Unilever, Nestle in close fight to acquire Horlicks from GSK
28 November 2018
Unilver plc is reported to be vying with Nestle to acquire GlaxoSmithKline plc's malt-based health drink brand, Horlicks that could give a boost to the companies’ nutrition business in India, even as some reports claimed the Europe food giant Nestle is in the lead position for acquiring the popular health drink brand.
Nutrition business in India children's Horlicks will extend the Swiss giant's dominance in India's processed food market.
Anglo-Dutch consumer goods giant Unilever plc is reported to have emerged as the leading bidder for GSK’s Horlicks nutrition business in India, reports quoting two people familiar with the situation said.
Nestle has been in talks with GlaxoSmithKline India's consumer healthcare division that includes the Horlicks brand, which is the dominant children's malt-based health drink in India.
GSK is looking at carrying out a strategic review and expects to conclude that by year-end, according to some reports.
After the acquisition, Nestle is unlikely to merge GSK with its own India subsidiary whose major brands include market leaders like the Maggi noodles and other products, according to Economic Times. Nestle's own Milo and Nesquick brands will have to compete with Horlicks if the acquisition goes through.

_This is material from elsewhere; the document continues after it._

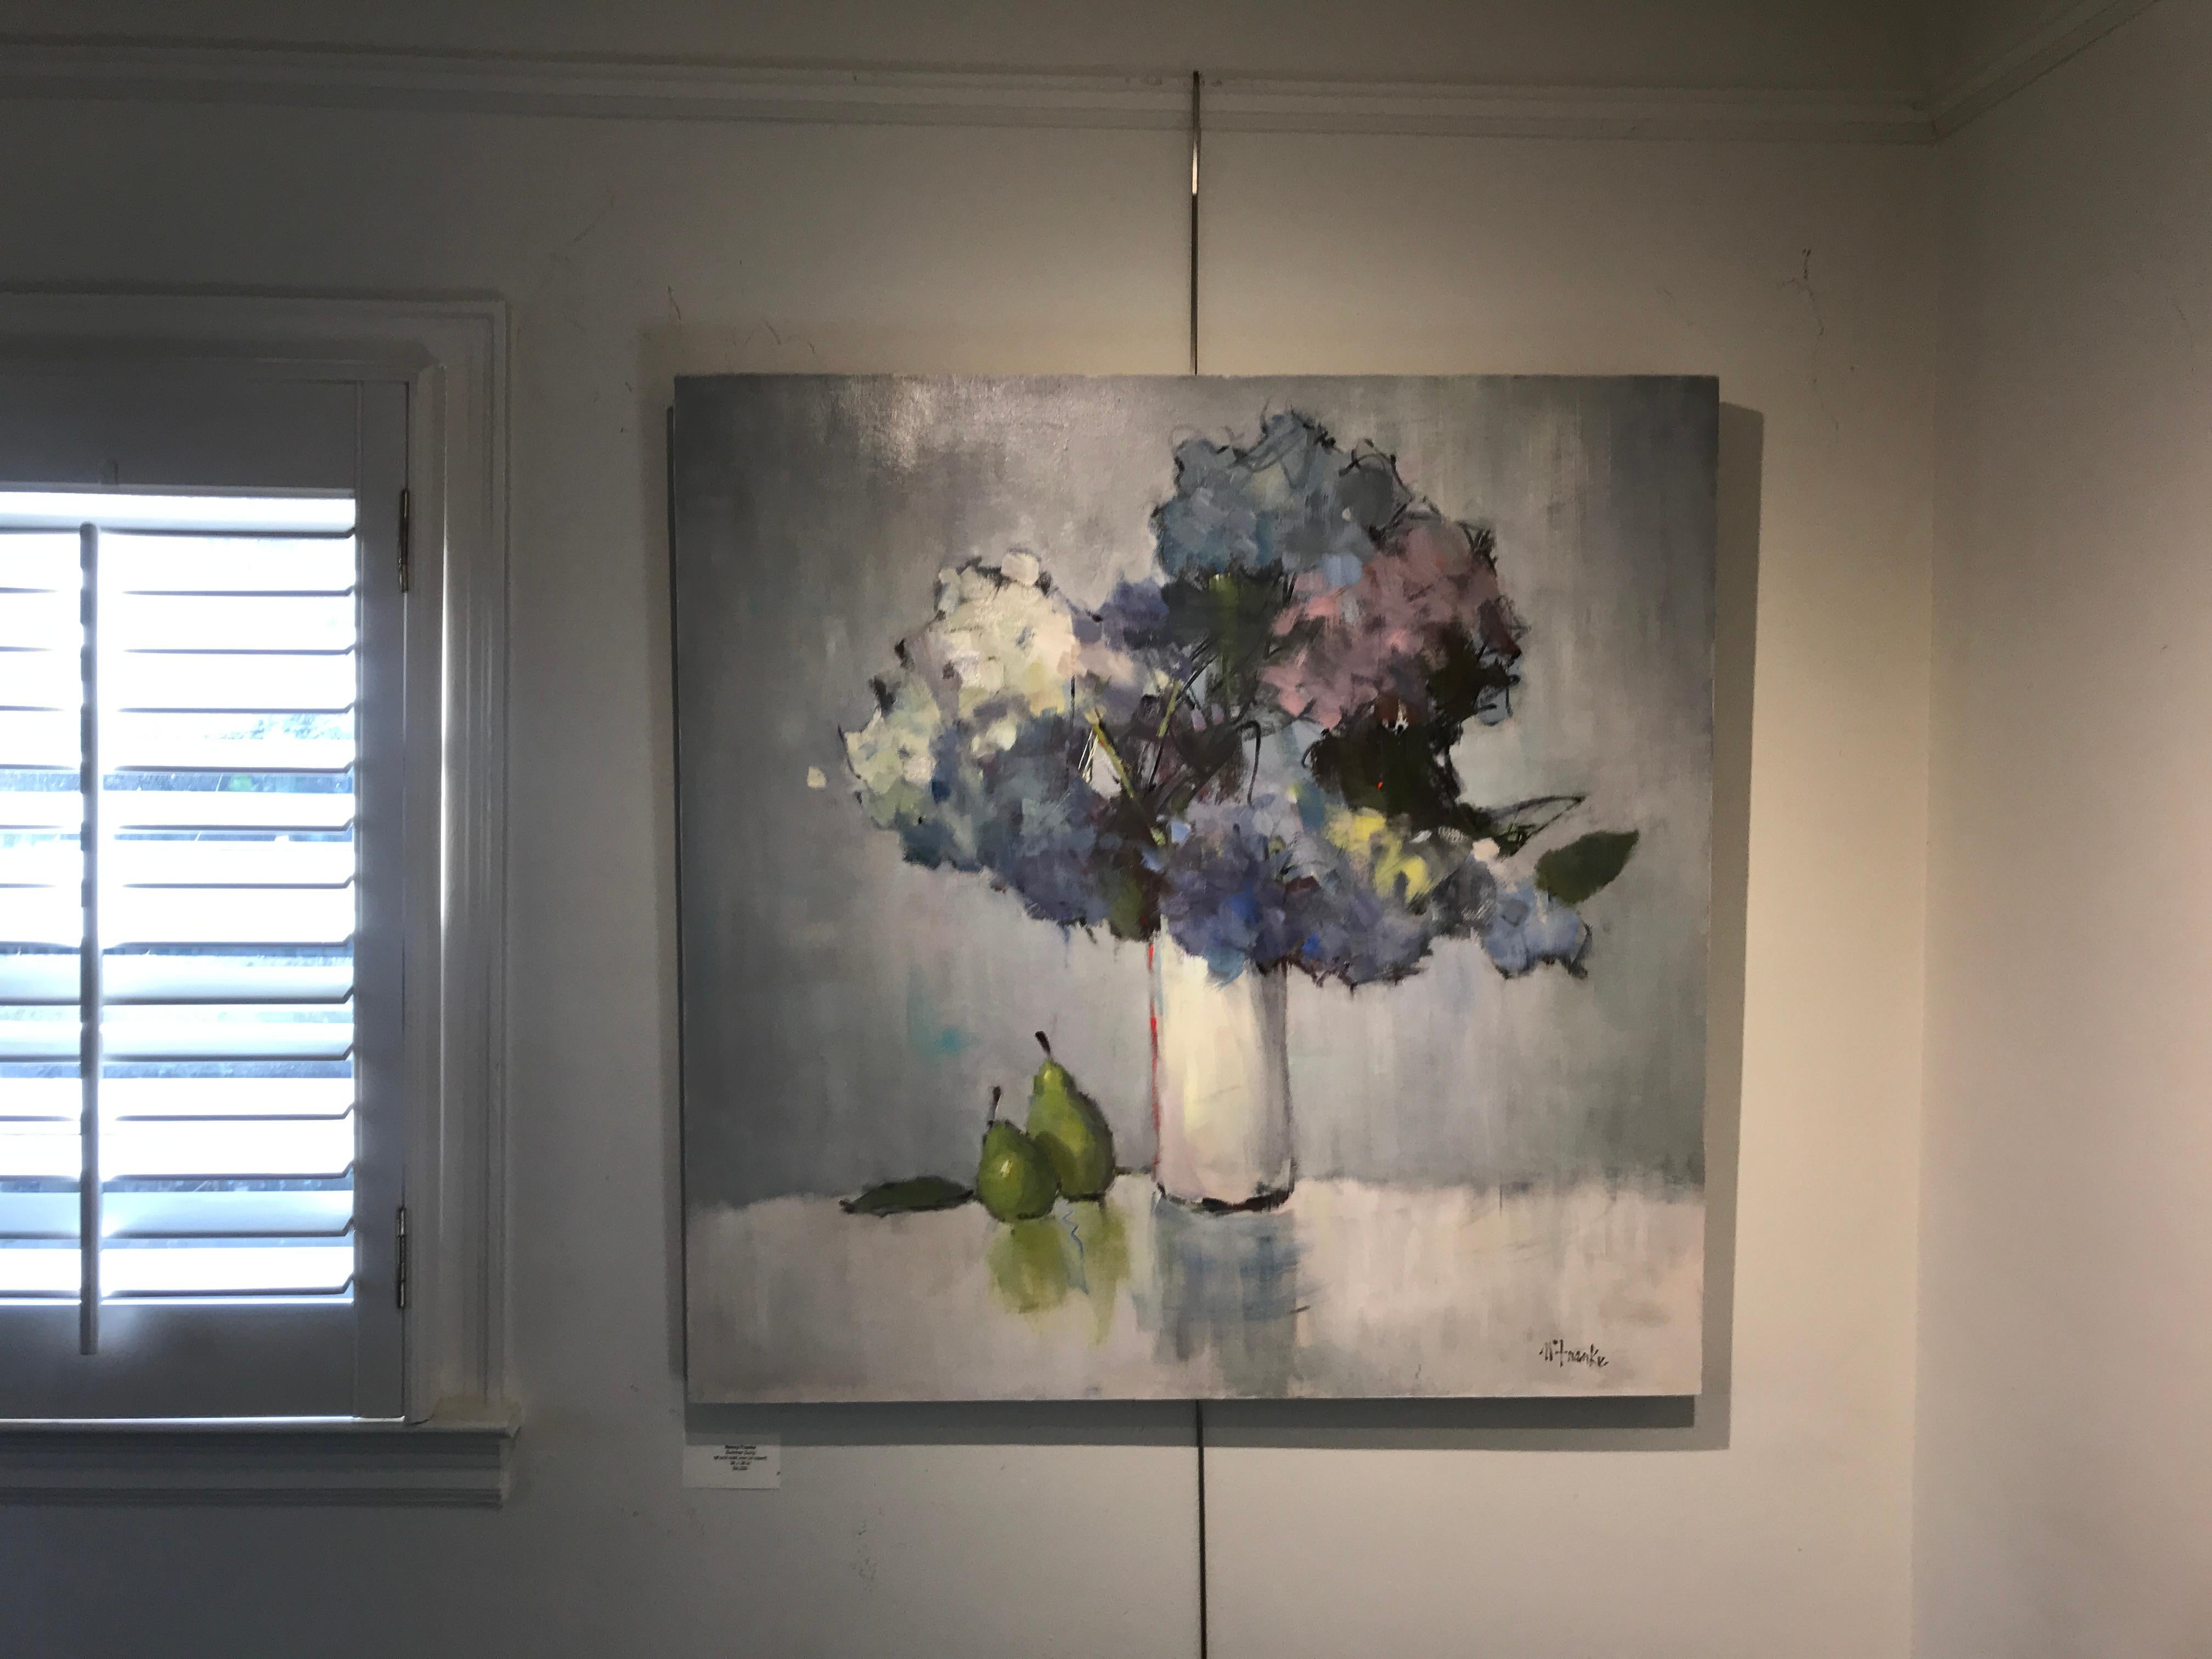 'Summer Song' is a medium size square-shaped Impressionist oil and cold wax on board floral painting created by American artist Nancy Franke in 2019. Featuring a palette made of blue, grey, pink, white and green tones among others, the painting

Horlicks, whose sales topped $700 million last year with a 44 per cent market share of nutritional drinks, is the main attraction in GSK's India business, valued at $4.2 billion.
GSK, which owns 72.5 per cent of Indian business GlaxoSmithKline Consumer Healthcare Ltd, and Unilever were in exclusive talks, the Financial Times reported on Tuesday, citing people familiar with the sales process.
GSK exited its Horlicks franchise in the UK last year but has held on to the brand in India where it has a special place as a nutritional supplement for children.
Global food giants have been eyeing the emerging market in India because of its growth potential when compared to China with a comparable population. Indian processed food market is now only one-fifth of the Chinese market but growing income profiles are changing consumption patterns.